1. Compute Directives:

   • target: Offloads the specified region of code to a device.
   • teams: Divides parallel work among teams of threads, especially useful on GPUs where each team can correspond to a block in CUDA.
   • distribute: Distributes loop iterations across the teams on the device.
   • parallel and for/do: Divide work across threads within a team.

2. Data Management Directives:

   • map: Controls data movement between the host and the device, using clauses like map(to:), map(from:), and map(tofrom:) to specify data direction.
   • declare target: Marks functions or variables that should be accessible on the target device.
   • allocate: Specifies memory allocation on the device.

3. Synchronization Directives:

   • barrier: Synchronizes all threads in a team.
   • taskwait: Waits for all tasks in the current parallel region to complete.
   • nowait: Used within target or teams to allow asynchronous execution without waiting for completion.

Data Mapping Clauses

The map clause in OpenMP Offloading is crucial for managing data movement between the host and device. Below are the most commonly used map clauses:

• map(to: array[:N]): Transfers the array array to the device.
• map(from: array[:N]): Brings the array array back from the device to the host after execution.
• map(tofrom: array[:N]): Ensures the array array is updated both on the device and the host.

Compilation Options for OpenMP Offloading

The following table provides an overview of compilation flags for various OpenMP Offloading compilers, along with additional flags required to target specific hardware, including NVIDIA GPUs, AMD GPUs, and specialized architectures from ARM and Cray.

Table 2: Compilation flags for OpenMP Offloading on NVIDIA, AMD, and other architectures

Compilation Flag Notes:

• Clang/LLVM: Clang supports both NVIDIA and AMD GPUs through the -fopenmp-targets flag. For NVIDIA, use nvptx64-nvidia-cuda, and for AMD, use amdgcn-amd-amdhsa. The -march flag specifies the GPU architecture (e.g., gfx906 for AMD's Vega20 GPUs).
• GCC: GCC supports NVIDIA GPUs (-foffload=nvptx-none) and AMD GPUs with amdgcn-amd-amdhsa. Use -march=gfx906 for AMD architectures.
• NVIDIA (NVC): The -mp flag enables OpenMP Offloading for NVIDIA GPUs. The -gpu=target_architecture flag specifies the GPU architecture (e.g., cc70 for compute capability 7.0).
• Intel oneAPI: Targets Intel GPUs and other SPIR-compatible devices using -fopenmp-targets=spir64.
• ARM Compiler: Supports ARM-based accelerators with -fopenmp-targets=arm-sve. The -march flag specifies the ARM architecture version.
• Cray: Cray compilers support OpenMP Offloading with -h omp and GPU targeting with -h omp_offload -h target=gpu. The -h omplace=1 flag optimizes thread placement for performance.
• AMD Compiler: AMD compilers provide OpenMP Offloading support for AMD GPUs. Use -march=gfx906 or -march=gfx908 depending on the specific AMD GPU architecture.

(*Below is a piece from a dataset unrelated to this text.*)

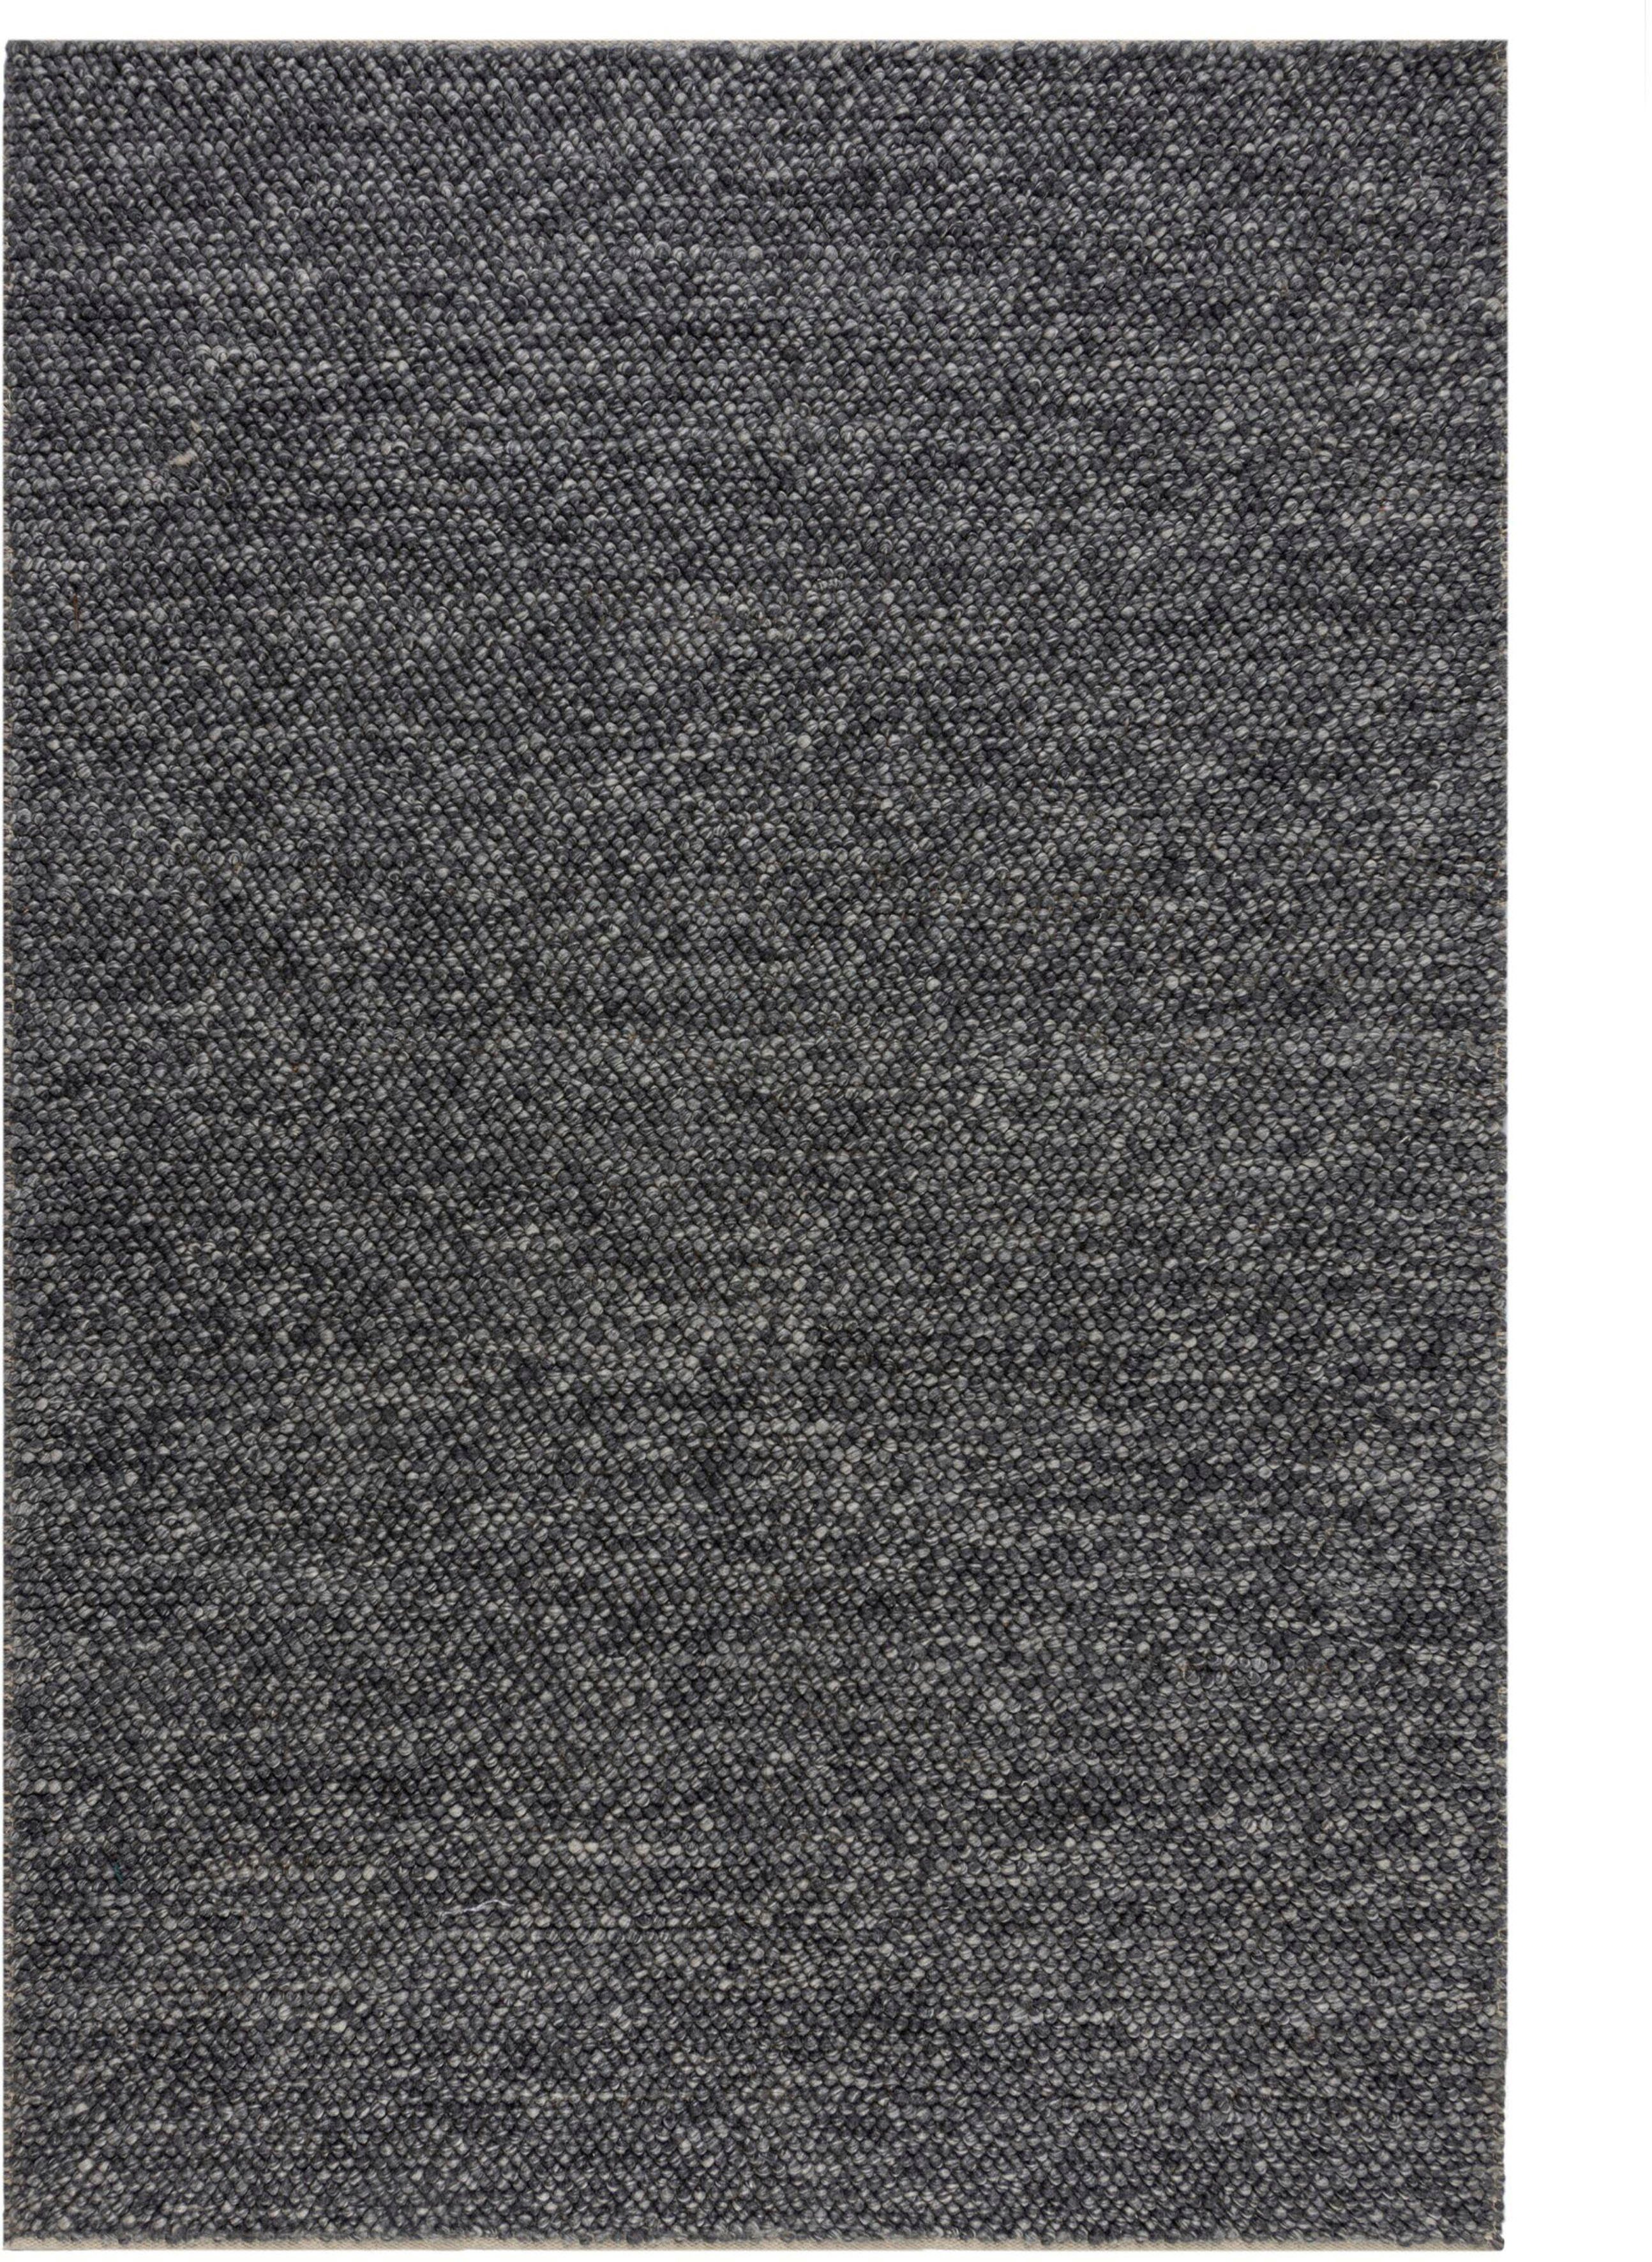 Teppich Minerals, FLAIR RUGS, rechteckig, Höhe: 10 mm, Teppich aus Wollmischung, geknüpftes Design, meliert dunkelgrau

Each compiler provides specific options for targeting various GPU and CPU architectures, enabling flexibility and optimized performance across heterogeneous HPC systems.

Key Directives and Clauses

• Compute Directives: target, teams, distribute, parallel, for, which structure work across teams and threads.
• Data Management: map clauses control data transfer, while declare target and allocate manage memory allocation on devices.
• Synchronization: barrier, taskwait, and nowait manage parallel execution flow.

OpenMP Offloading makes it possible to scale parallel code across CPUs, GPUs, and other accelerators without sacrificing portability, providing a versatile, high-level programming model for HPC applications.

Summary

OpenMP Offloading provides a straightforward way to extend parallel programming to GPUs and other accelerators using familiar OpenMP directives. This model offers key benefits for scientists and engineers who want to accelerate their applications on heterogeneous systems, as it minimizes the need for deep GPU programming knowledge.